6. Some of the important items showing high negative growth during the current month over the same month in previous year include ‘Cable,Rubber Insulated’ [(-)82.0%,‘Sugar’ [(-)66.1%,‘Sponge Iron’ [(-)17.2%,‘Fruit Pulp’ [(-)22.4%,‘Three-Wheelers’ [(-)-29.4%,‘Di Ammonium Phosphate’ [(-)54.1%,‘Cement Machinery’ [(-)40.0% and ‘Colour TV Picture tubes’ [(-)79.7%.

7. Some of the other important items showing high positive growth are: ‘Aerated Waters & Soft Drinks’ (58.3%),‘Biaxially Oriented Polypropylene (BOPP)Film’ (35.1%),‘Petroleum Coke’ (70.8%) and ‘Woollen Carpets’ (61.5%).

8. Along with the Q.E. of IIP for the month of June 2012,the indices for May 2012 have undergone the first revision and those for March 2012 have undergone the final revision in the light of the updated data received from the source agencies. It may be noted that these revised indices (first revision) in respect of May 2012 shall undergo final (second) revision along with the release of IIP for the month of August 2012.

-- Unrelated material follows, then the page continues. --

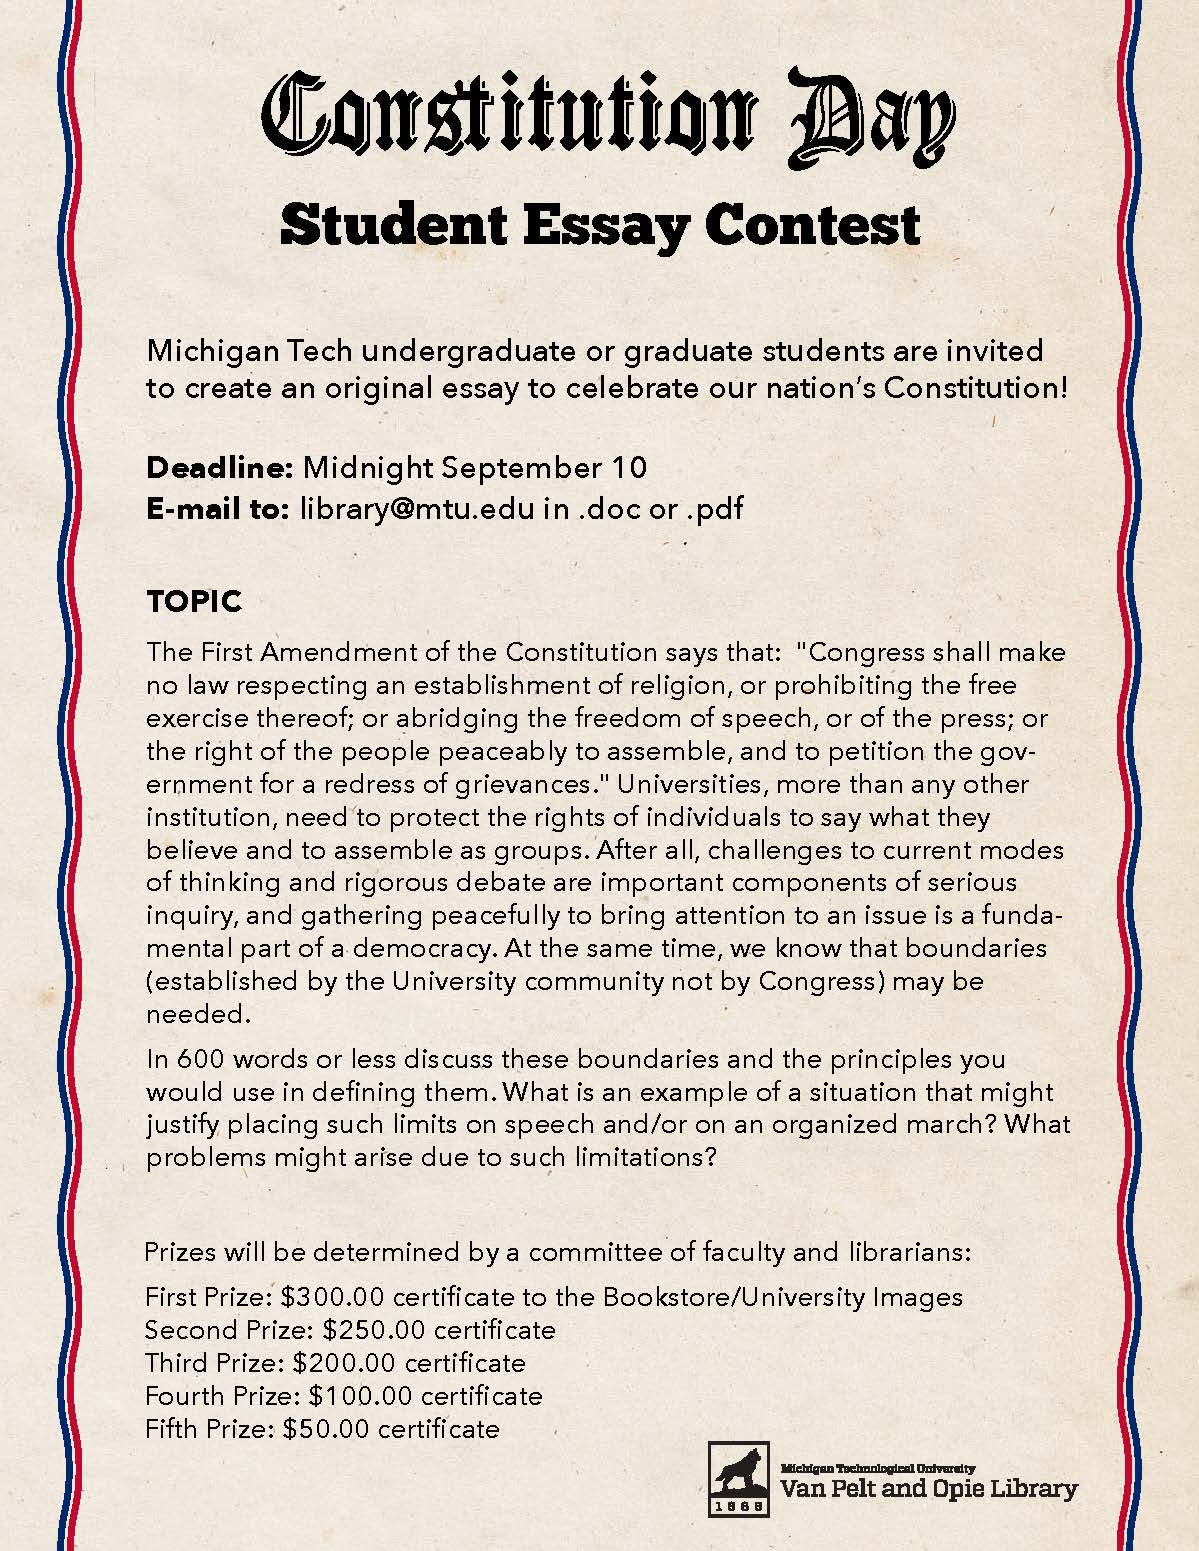 Community service essay contest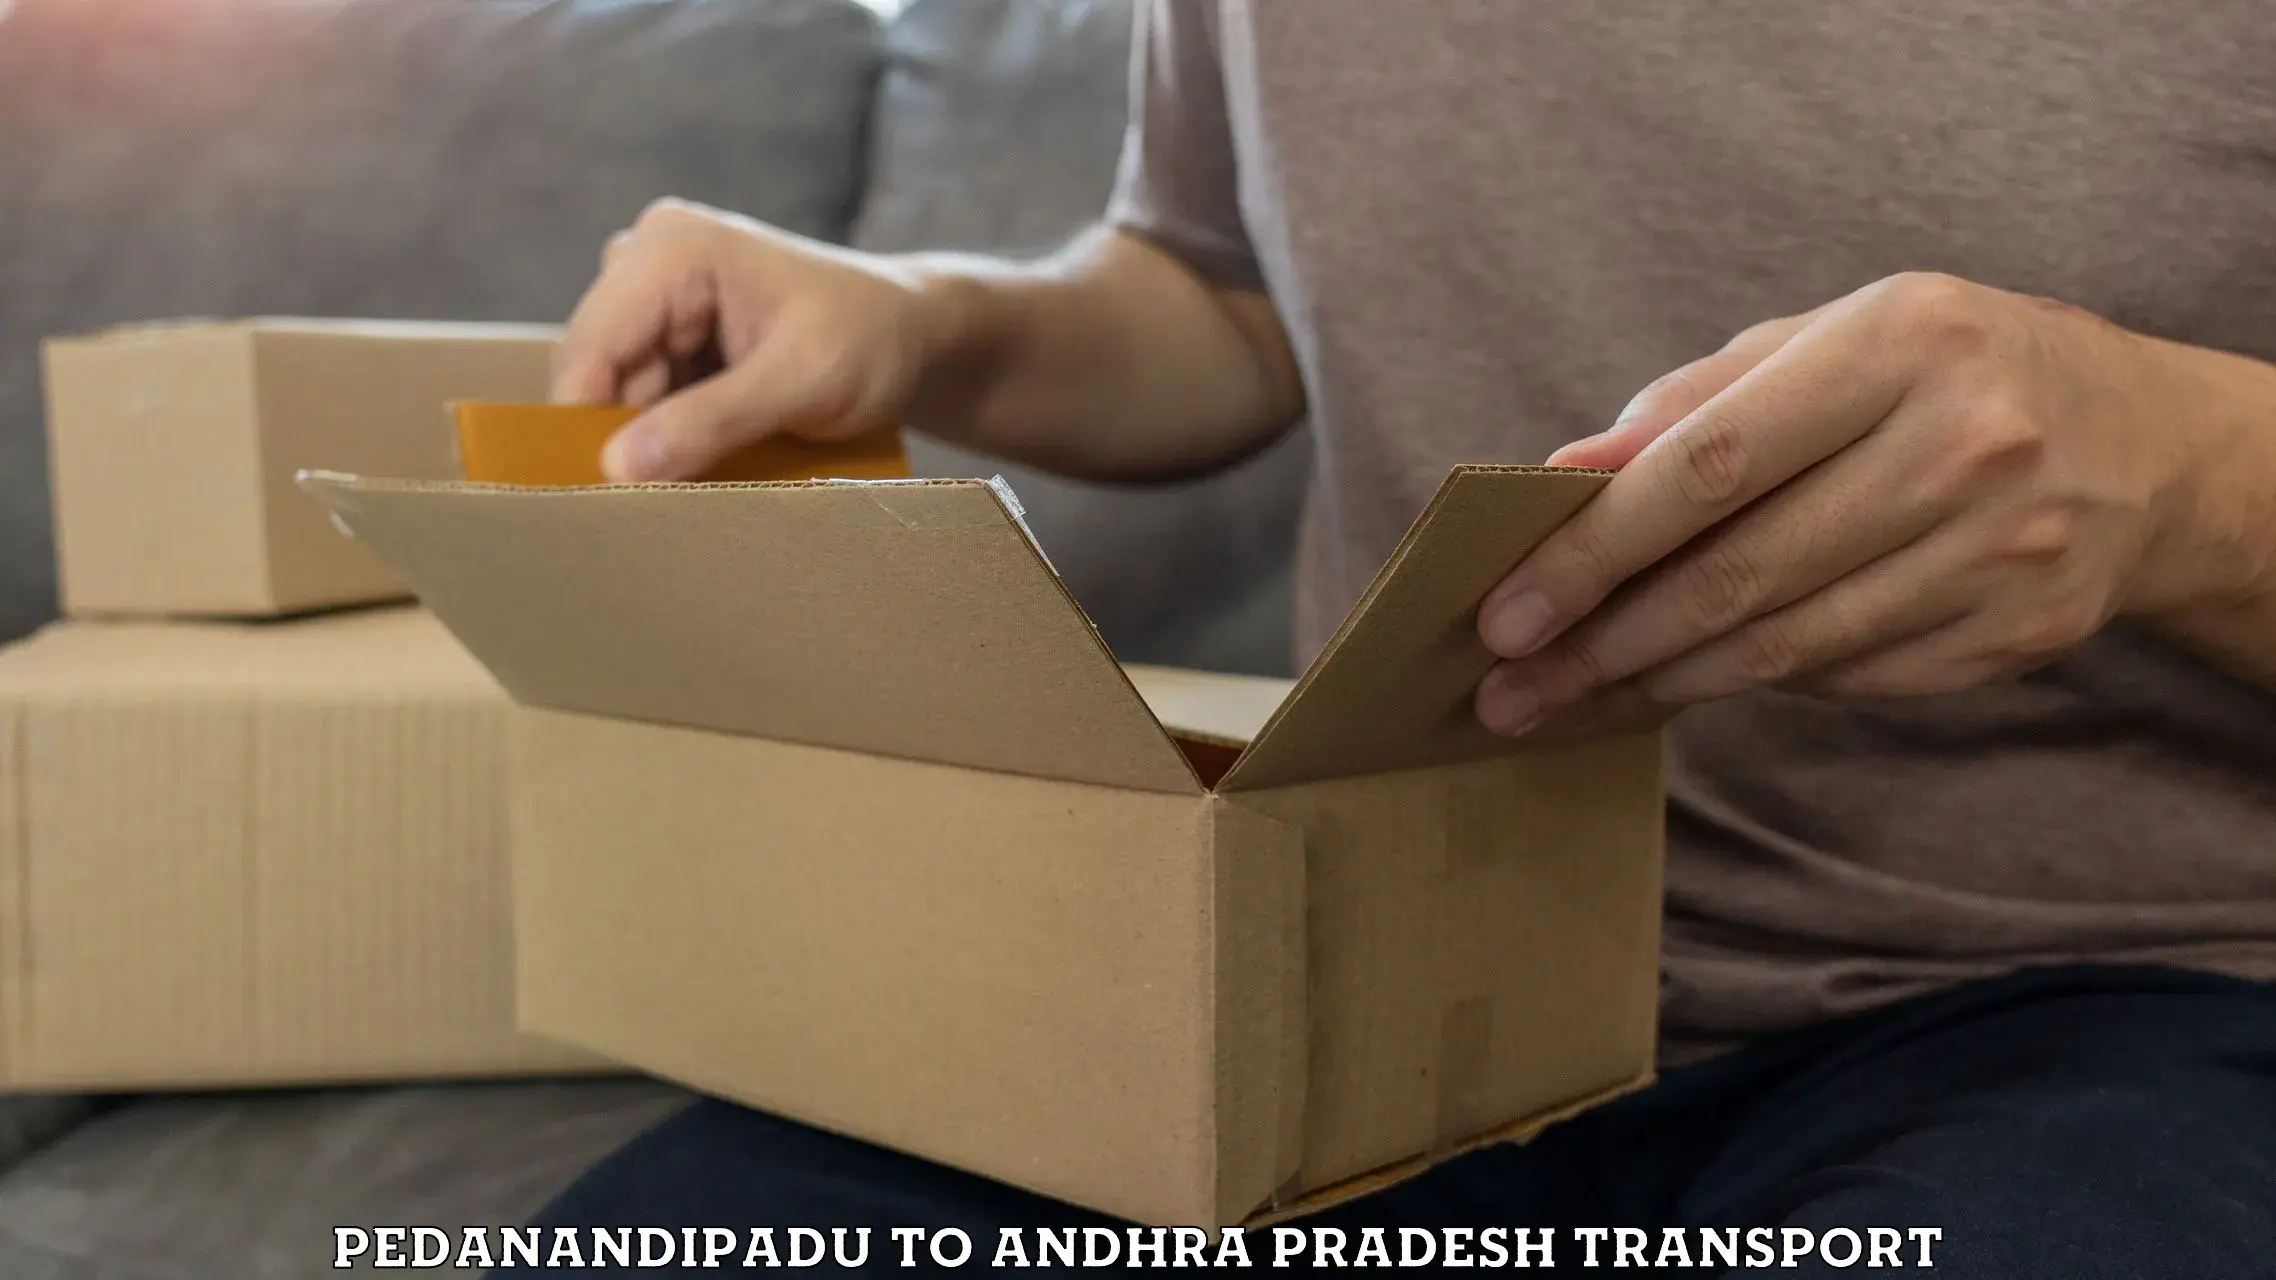 Transport in sharing in Pedanandipadu to Etcherla

9. Statements giving Quick Estimates of the Index of Industrial Production at Sectoral,2-digit level of National Industrial Classification (NIC-2004) and by Use-based classification for the month of June 2012,along with the growth rates over the corresponding month of previous year,including the cumulative indices and growth rates,are enclosed.